To illustrate exactly why I'm interested in this, I'd like to understand the calculation behind the covariance of multinomial random variables. Given two multinomial random variables $Y_a$ and $Y_b$ from the same multinomial distribution with $k$ categories, I know that the covariance can be calculated as follows for $n$ trials
$cov(Y_a, Y_b) = \sum\limits_{s=1}^{n} \sum\limits_{t=1}^{n} cov(1[X=a], 1[X=b]) = -n p_a p_b$
And this depends on the covariance of categorical variables.
Best Answer
Use your crayons!
That's all you need to know. The rest of this answer elaborates on it, for those who have not read the link, and then it supplies a formal demonstration of the claim in that link: coloring rectangles in a scatterplot really does give the correct covariance in all cases.
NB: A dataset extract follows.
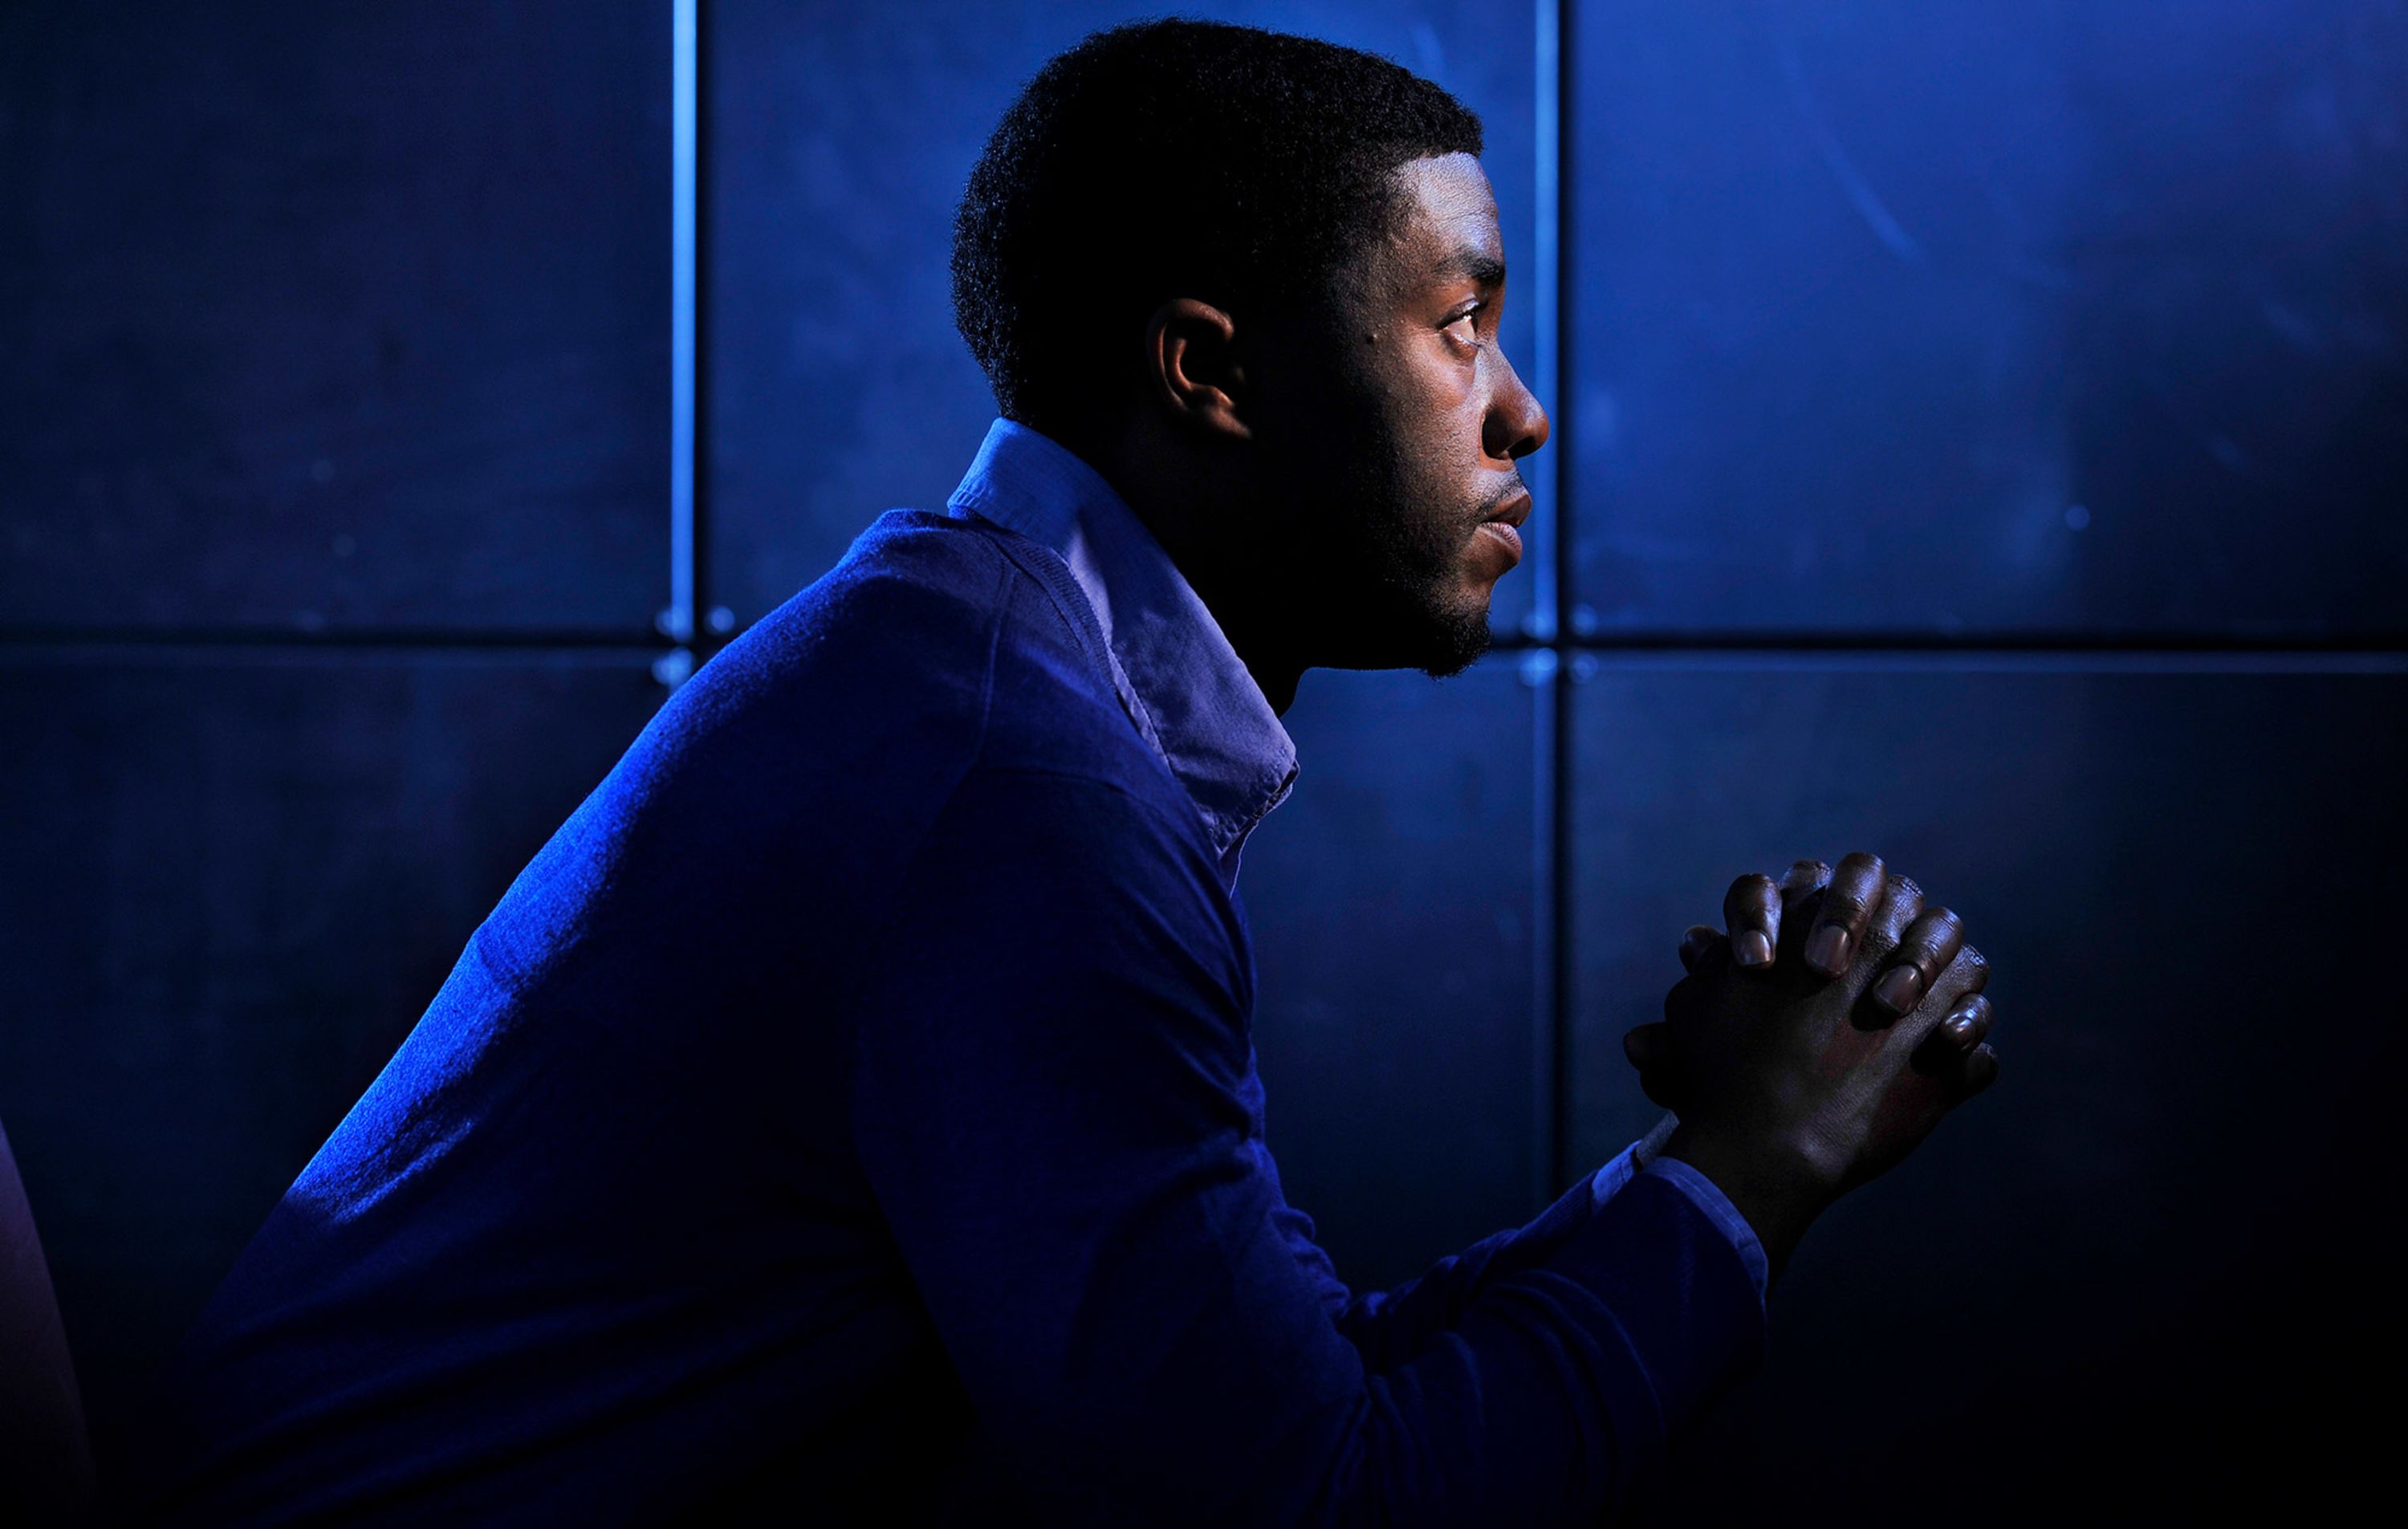 Actor Chadwick Boseman poses for a portrait in 2013.

The figure shows two indicator variables $X$ and $Y$: $(X,Y)=(1,0)$ with probability $p_1$, $(X,Y)=(0,1)$ with probability $p_2$, and otherwise $(X,Y)=(0,0)$. The probabilities are indicated by sets of points, where a proportion $p_1$ of them all are located close to $(1,0)$ (but spread about so you can see each of them), $p_2$ are located close to $(0,1)$, and the remaining fraction $1-p_1-p_2$ around $(0,0)$. All possible rectangles that use some two of these points have been drawn. As explained in the linked post, rectangles are positive (and drawn in red) when the points are at the upper right and lower left and otherwise they are negative (and drawn in cyan).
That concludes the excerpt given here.